But sources at large publishers tell me the focus has shifted from gaming Facebook to gaming… just about everything else, and the thirst for clicks is more intense than ever. Double down on SEO! Apple News alerts! Instagram Stories! There are still a billion people on Facebook!
First of all, publishers can't game Facebook. That's the whole point of Facebook now. But the bigger problem with trying to game anything is that it just leaves publishers with more clickbait, blending them further into the already homogenised cesspool of celebrity photo websites and Instagram feeds that are locked in one giant race to the bottom.
I would be terrified if I didn't have any content running on my site that I felt like I could charge people to read, watch or listen to.

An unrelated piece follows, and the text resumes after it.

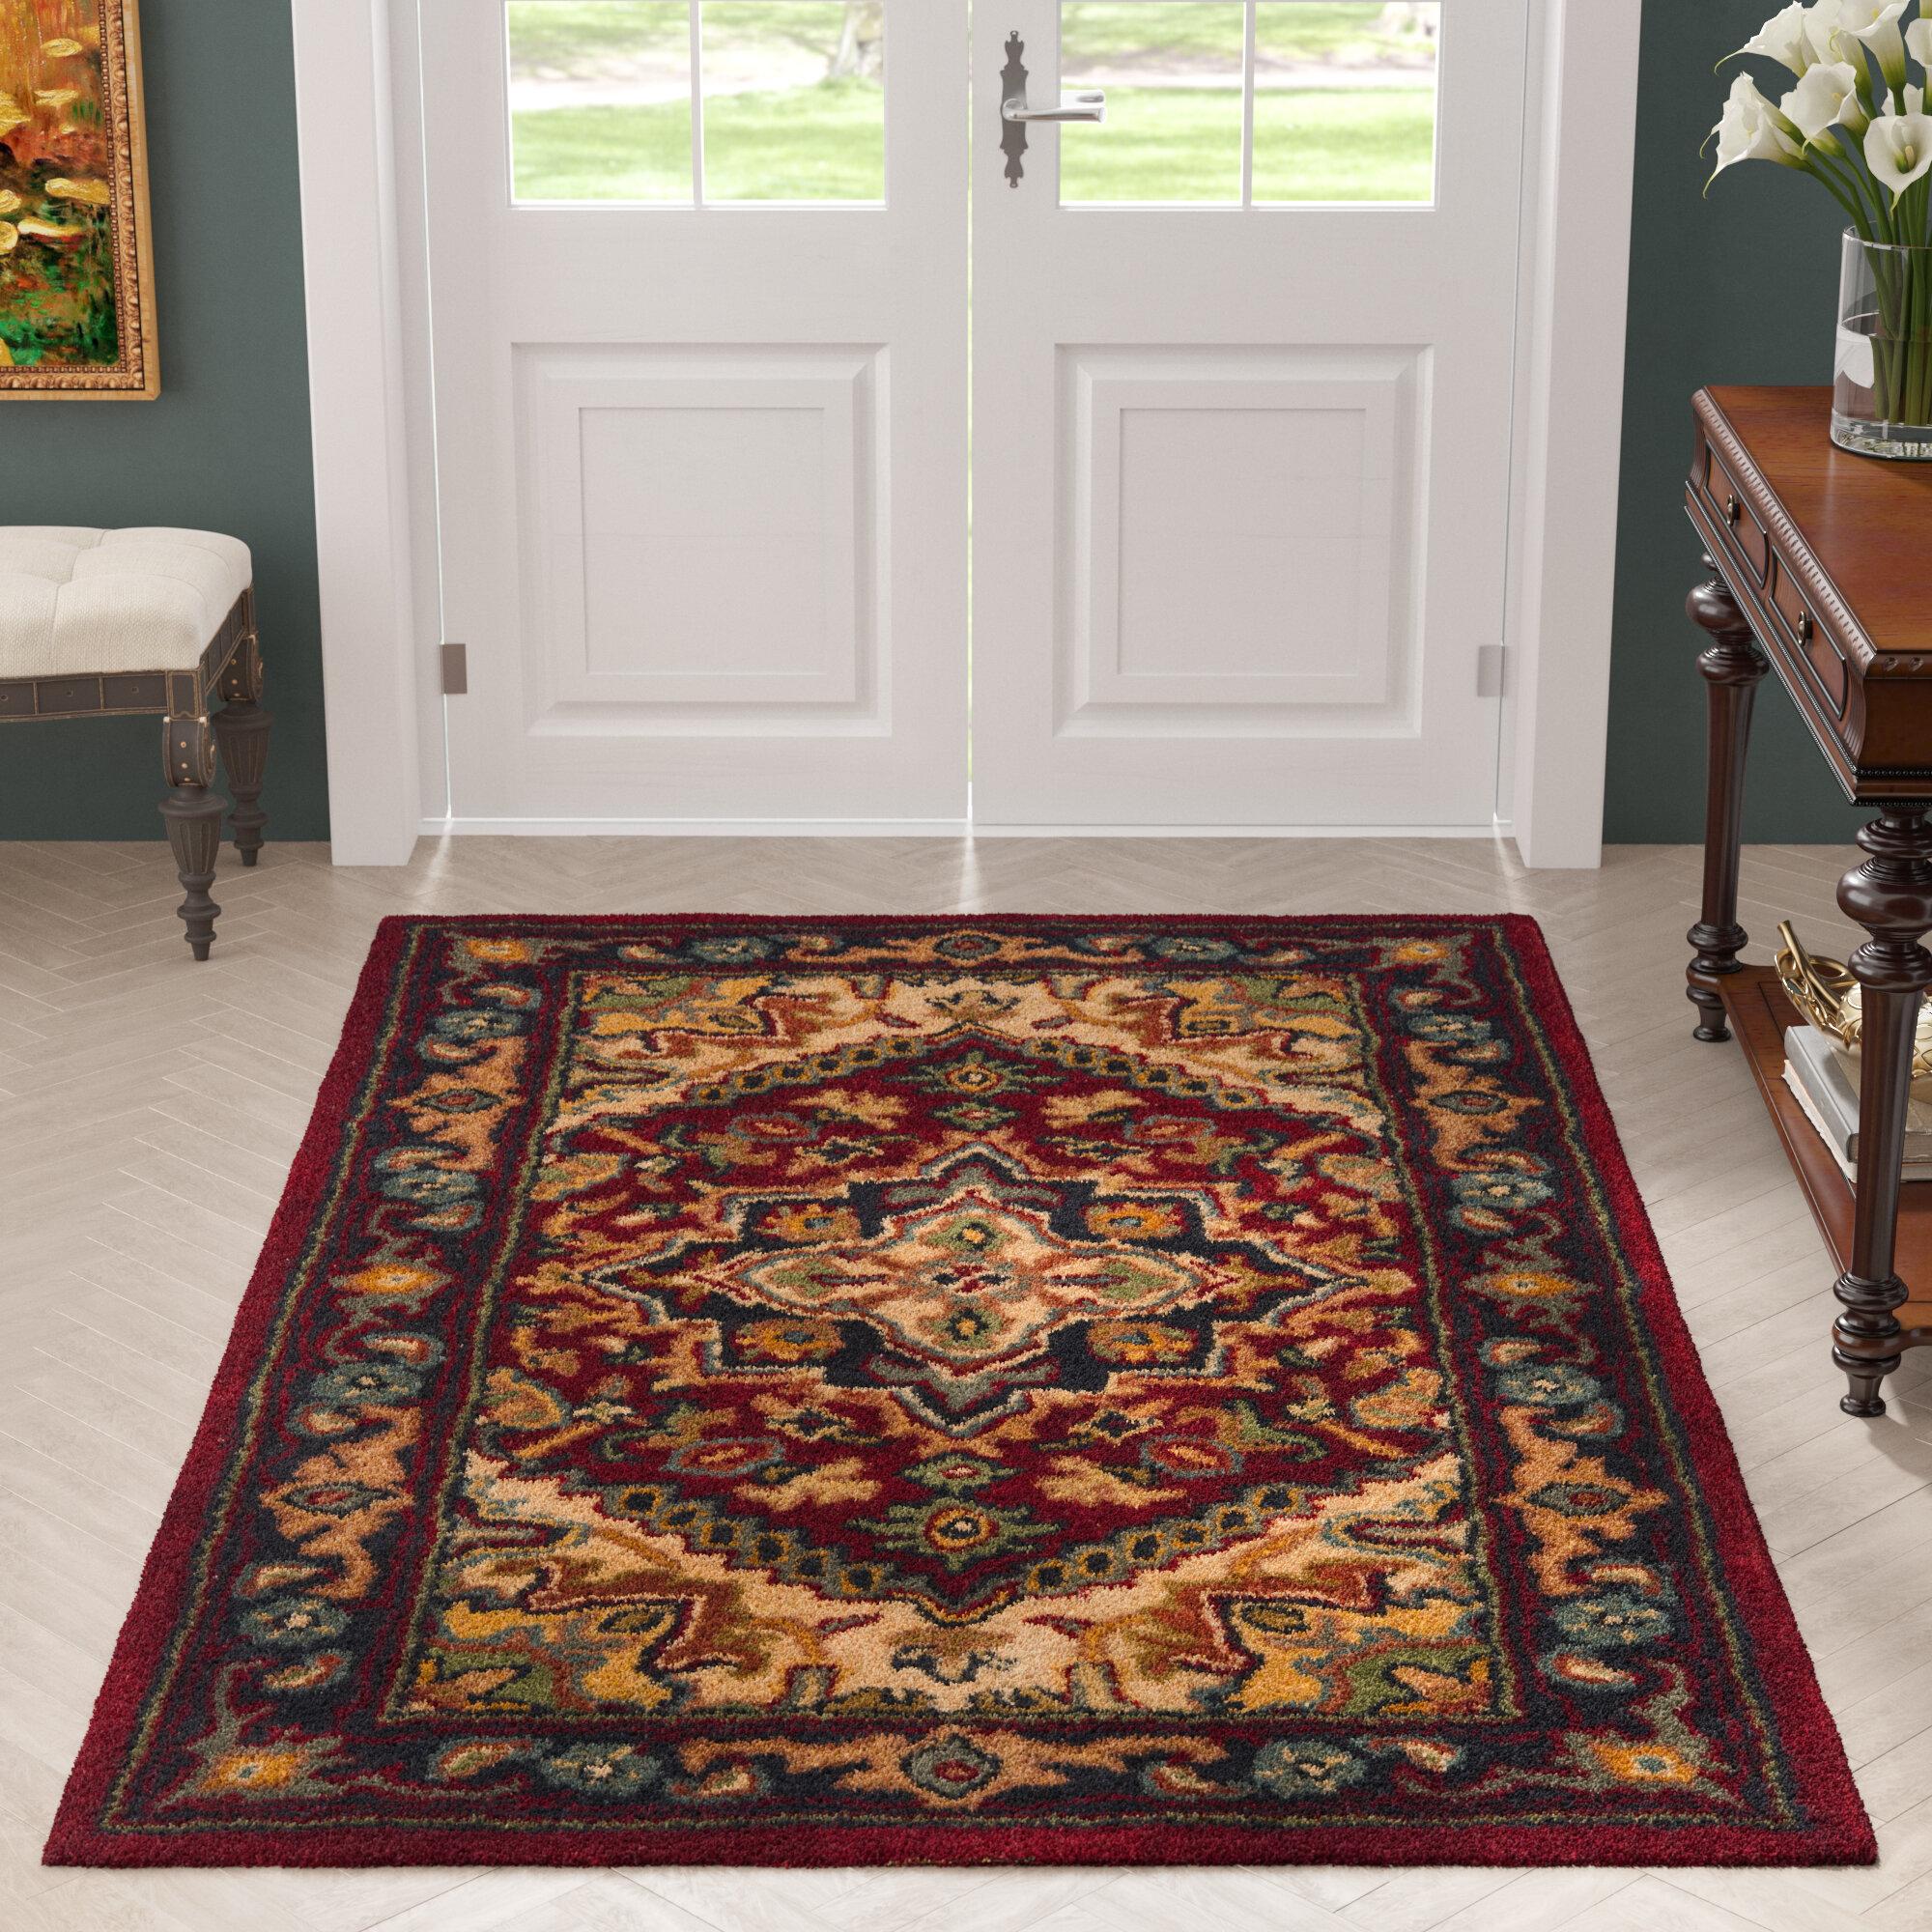 Astoria grand balthrop red oriental area rug reviews wayfair

As the acquisitions of Rodale and Time Inc. along with layoffs at companies like Condé Nast and BuzzFeed showed us, last year was a very hard one for media. Which is why I would be terrified if I didn't have any content running on my site that I felt like I could charge people to read, watch or listen to. This isn't to say that paywalls, which are notoriously tricky, are definitely the future, but I'll say two things in their favour: they seem like an increasingly important potential revenue stream as publishers continue to lose ad dollars to Facebook and Google. And trying to publish content of monetary value to your readers means you're producing quality work. In this era of cost-cutting and layoffs, companies have to resist their instinct to do nothing but create posts and videos as cheaply and quickly as possible. Now, more than ever, is the time to invest whatever budget remains in big, brand-distinguishing ideas. And publishers will have to be ok with the uncomfortable reality that, sometimes, an idea will fall through and there won't be any payoff.
This is not to say that every digital brand is trapped in the great race to the bottom. Teen Vogue has a clear position as a youth activist brand, which couldn't make it more relevant in the time of President Trump. Fatherly, the lifestyle site for dads, has distinguished itself through its 940 Saturdays programme, so named for the number of Saturdays dads have with their kids until they go to college. Vanity Fair has invested in the Hive, a political news vertical that regularly publishes web-exclusive scoops about the Trump administration, among other great original content.
These kinds of initiatives are what sales teams need to start bragging about in conversations with potential advertisers. Until they do, publishers will be in a downward spiral of their own making: chase clicks, dilute the brand, lose audience and risk losing even more business. If they don't want another year like 2017, something has to change.